PORTLAND HAS A WAYS to go on the Korean cuisine front. Beaverton's got the kimchi crown right now, with its endless parade of all-you-can-eat grilled kalbi and bubbling red-hot bowls of bone-in beef stew.

But two newcomers, Han Oak and Fusspot Chicken, are bringing some gochujang pepper paste realness in two very Portland ways: Han Oak is a cheffed-up prix-fixe affair and Fusspot is a pop-up. Grab your shiny metal chopsticks and get that banchan.

Han Oak

I don't know what they put in the water in Lane County in the 1990s (like, really, it could have been anything... but fluoride), but I know the high schools produced some truly stellar graduates in the early aughts—myself (haha) and Peter Cho, chef at Han Oak, included. Cho, who went to Springfield High, spent a decade in New York working as sous chef to April Bloomfield at the Spotted Pig and the Breslin. He's back, and since then has been elevating hot dogs and fried chicken into higher forms—first with Stray Dogs and then Stray Birds.

Now, Cho has landed in a light, airy space behind the Ocean restaurant pod on NE 24th, and is putting out a prix-fixe dinner on Friday and Saturday nights, along with a Sunday brunch.

When Han Oak is good, it's good. I'm still dreaming about a Korean fried cauliflower, resplendent in a glaze of gochujang and tamarind. With bread and butter daikon pickles on the side, it's one of the single most inspiring bites I've had this year—a bright orange crunchy shell of spice and complexity around a cruciferous vegetable that's attained its highest possible purpose. The parade of six to nine dishes ($65, includes gratuity) is served family style, but only for your party, avoiding that sometimes awkward dance over the last biscuit at true family-style meals. (Doesn't mean I didn't distract my dad so that I could get the last bite of that cauliflower.)

Han Oak Aaron Lee

A Korean soondae blood cake, topped with a duck-fat-fried duck egg, is a lot sexier than any intestine-based dish has a right to be. Market kimchi was so fermented it was almost effervescent: a light dance of fish sauce and pepper on the tongue. An ember smoked short rib was cut nicely with scallion and cabbage slaw, along with a fiery ssamjang sauce. I saved some to add to the koji salt baked pork belly that you roll yourself with bun-like rice paper, scallion, and celery. Dessert, a pan-fried rice cake with red bean sherbet and toasted barley powder, evoked childhood happiness, even though as a kid I never got more exotic than mixing chocolate and strawberry ice cream.
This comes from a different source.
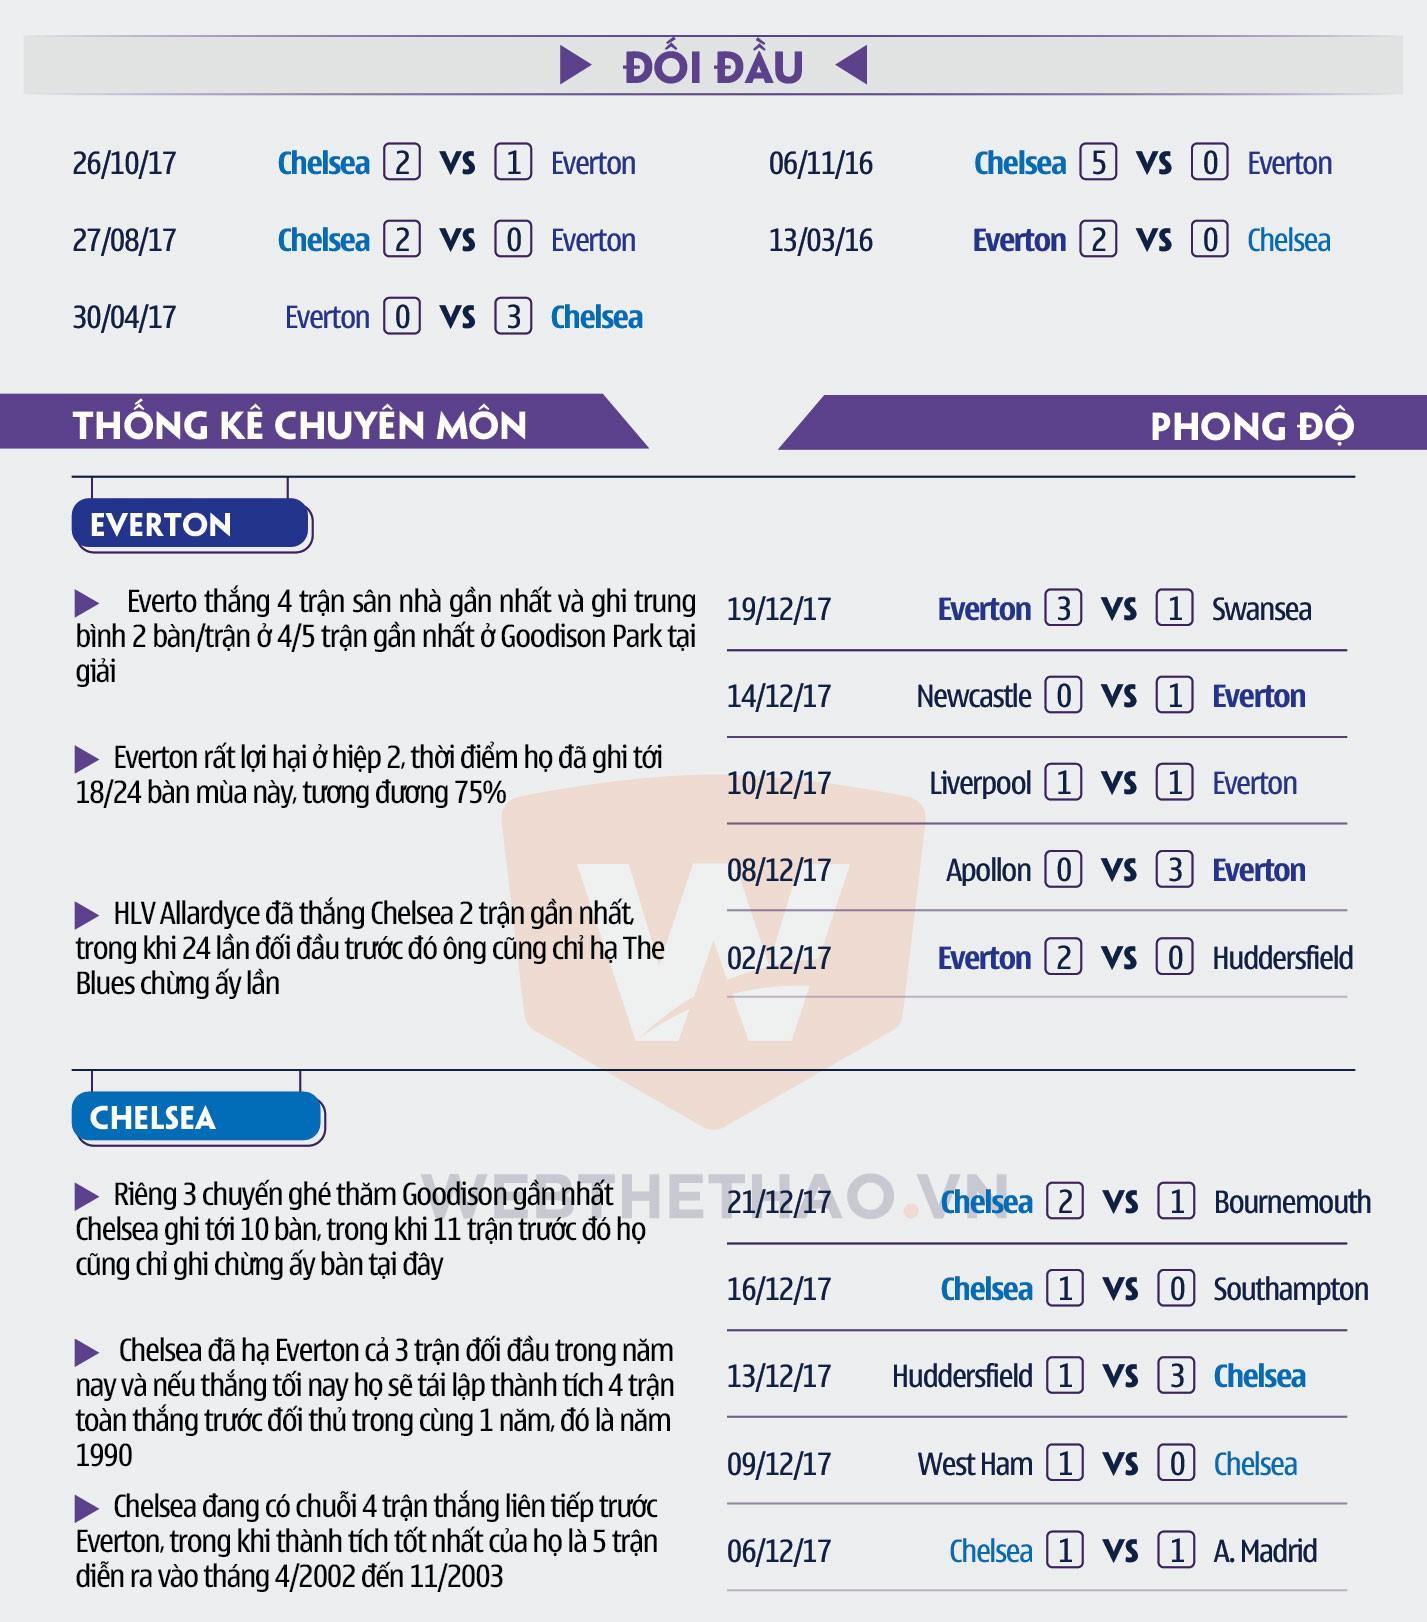 Hình ảnh: Số liệu chuyên môn trận đấu Everton Chelsea

Brunch ($32) is a pretty legitimate representation of how folks in East Asia eat breakfast. The soup was a standout and nearly a meal unto itself: Two large chicken and chive dumplings with dense Korean rice cakes were submerged in a rich garlic-forward broth. The rest of the meal, arranged on a metal tray, included a competently seared salted ocean trout, a too-dry savory waffle with pork, kimchi, and ramps, and more of that great pickled banchan and kimchi. (Cho says he's since perfected his waffle.)

Unfortunately, our visit that morning took "free range" to a whole new level. We walked in to a few people waiting to be served and no greeting. At no point were we given a menu, and I had to go to the chef's counter to get some desperately needed Water Avenue Coffee. I learned later that a server couldn't make it and one of the chefs called in sick, an issue that would hobble a mid-sized restaurant, to say nothing of the intimate Han Oak. This was unlucky timing for a critic's visit. But as a fellow Eugenian and avid eater, I can't wait to see where Cho's talents take us.


Fusspot Chicken

The simplicity of this semi-monthly pop-up—Korean fried chicken, quick cucumber pickles and slaw—belies the amount of fuss behind Fusspot Chicken.

Right now Howard Kamil and Tonya Jone Miller are twice-frying battered thighs, wings, and drumsticks (there's no white meat here, folks) every other Saturday in the Kitchen Cru incubator space at 337 NW Broadway. Kamil, who hails from New Jersey, went home for a visit and got hooked on the uniquely crispy fried chicken that comes painted with a spicy gochujang pepper-based sauce.

Kamil worked on the batter recipe for three years before unveiling it in April to sellout crowds. At a recent visit, I ate at the counter and had a $5 glass of not-fancy sparkling rosé that was generously refilled. The price? A very cheap $12, especially considering the bounty of two wings, a drumstick, and a thigh, which were piled on my paper plate, with the slaw and pickles cooling the moderately spicy sauce. I added extra Korean pepper at the counter to up the fire quotient. Eat in, and grab a to-go order for the morning: Cold Fusspot also makes for a fine breakfast.